Some compression schemes use prefix codes, which relies on how often a particular symbol appears, which is referred to as the frequency. The basic idea is that the symbols that appear most often are re-expressed as the smallest possible symbols. We call the output symbols code words.

For example, in your string "Apples grow on trees", the character "e" appears most often at 3 times, so we want to re-express this as small as possible. We will rewrite your entire string, and write the single bit "0" every time the character "e" appears in the string. Then, the four characters "p", "s", "r", and "o" each appear 2 times. So again, we will re-express them as new codes, and as small as possible. "0" has already been taken, so re-express them as "1000","1001","1010", and "1011". Then express the remaining characters as larger strings.

This is still pretty small for characters, and obeys the prefix code idea, which states that no code word, for example the bit "0", is a prefix of any other code word.

Using a system like this will ensure that basically any string will have a specific interpretation.

My 2 cents...

Can there be , Yes. But it kind depends on your depends definition of "meaningful-text-input"

Right now.. I would say not yet. A compression algorithm generates binary data, and each algorithm can generate different binary data.

but just given random pattern, not that I have found exactly. Well, until you explore writing the algorithm.

You have the trivial substitution, example from D.W. And a slight extension with a database to look up pattern replacements, a dictionary. This can get rather large quickly.

Off the top of my head... one method is using a Markov Chain. I can imagine using the binary input to walk a Windowed Markov Chain of words/letter/patterns to build the output text.

There are a few Markov chain programs out here that you could modify. a quick search you can find code to play with, even JavaScript.

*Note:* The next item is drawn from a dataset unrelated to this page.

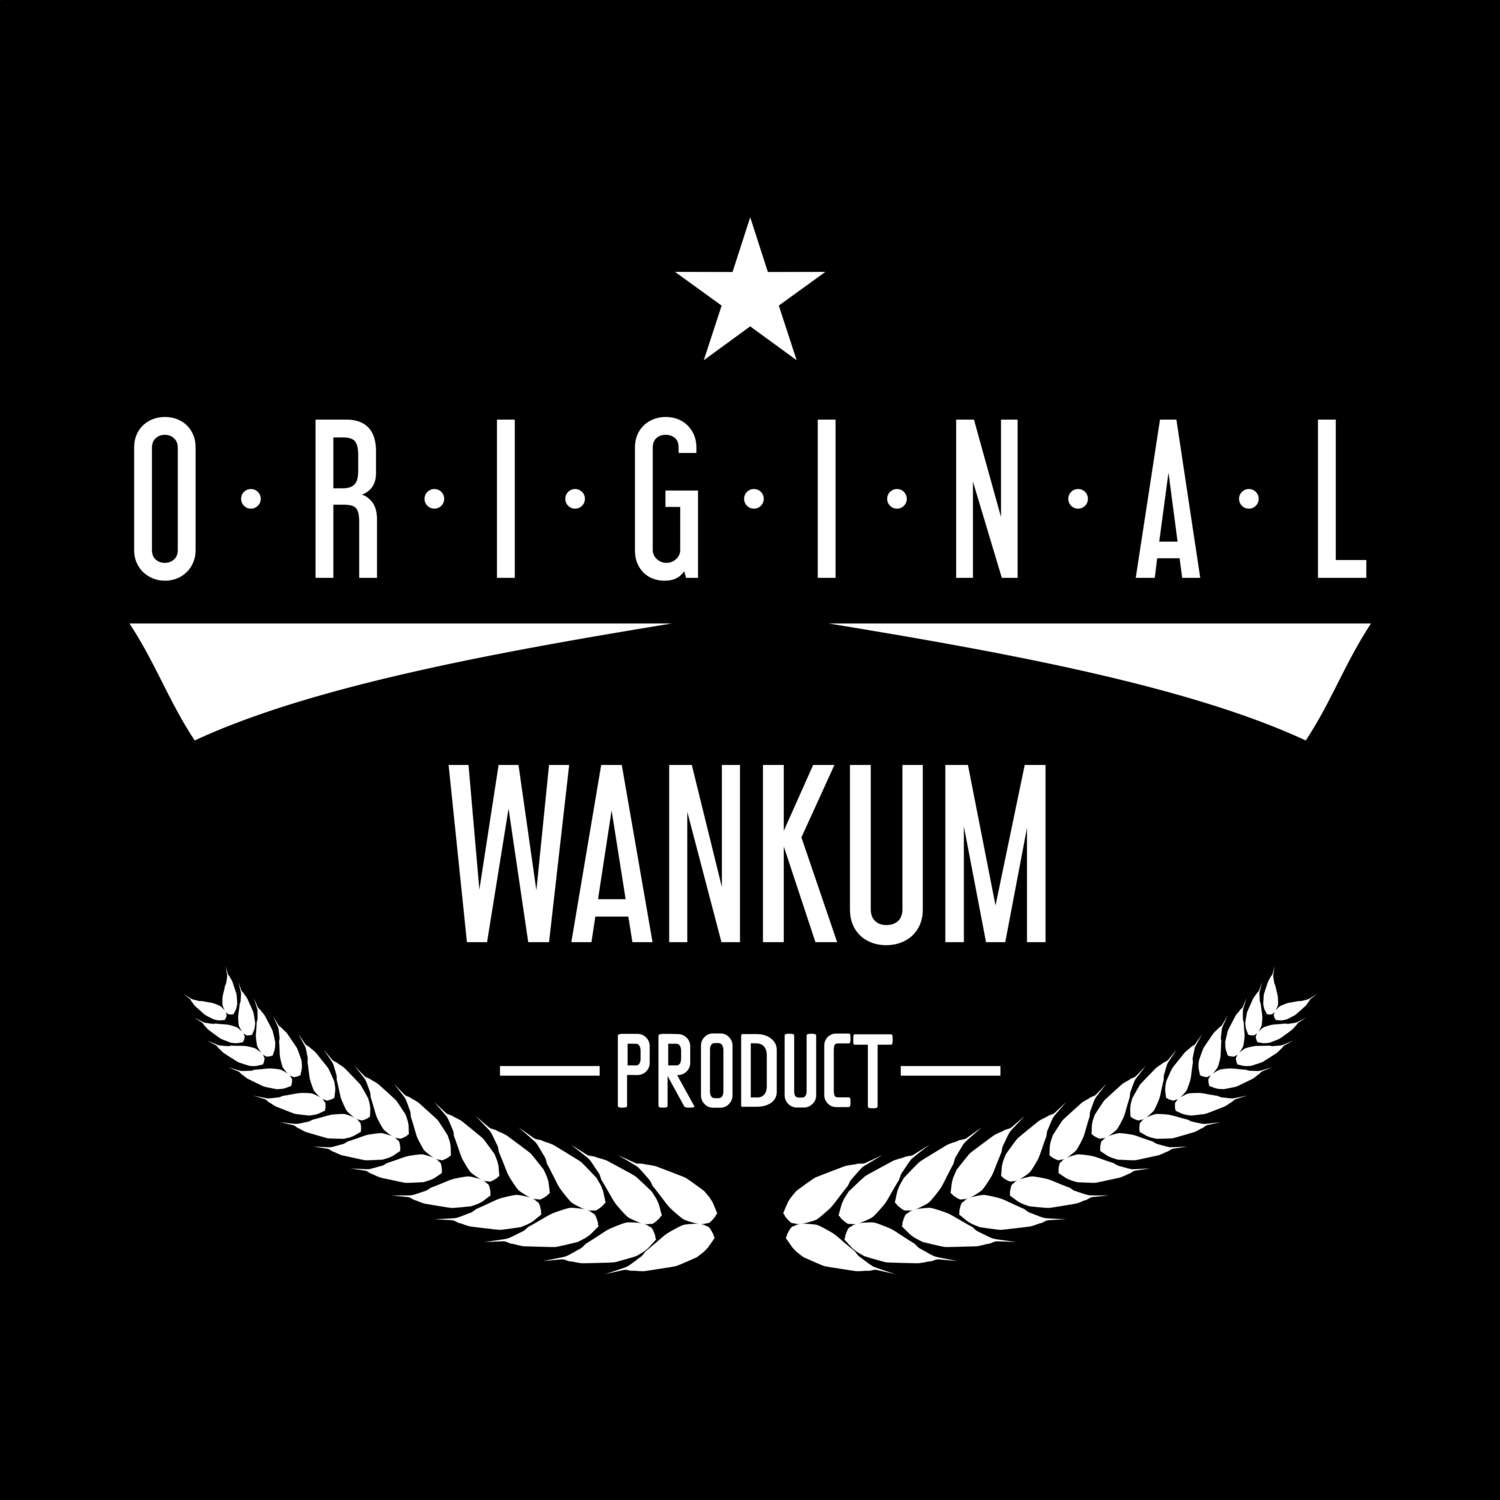 Wankum T-Shirt »Original Product«

This Markov Chain data can be built up by processing a set of text files into a database/dictionary

I assume you are receiving this pattern to be decoded, so long as both sides have the same built dictionary, any pattern can be decoded and output the same text for the same input. And many(not all) text can be encoded into a binary pattern, provided that all parts of the input text can be found in the Markov chain dictionary.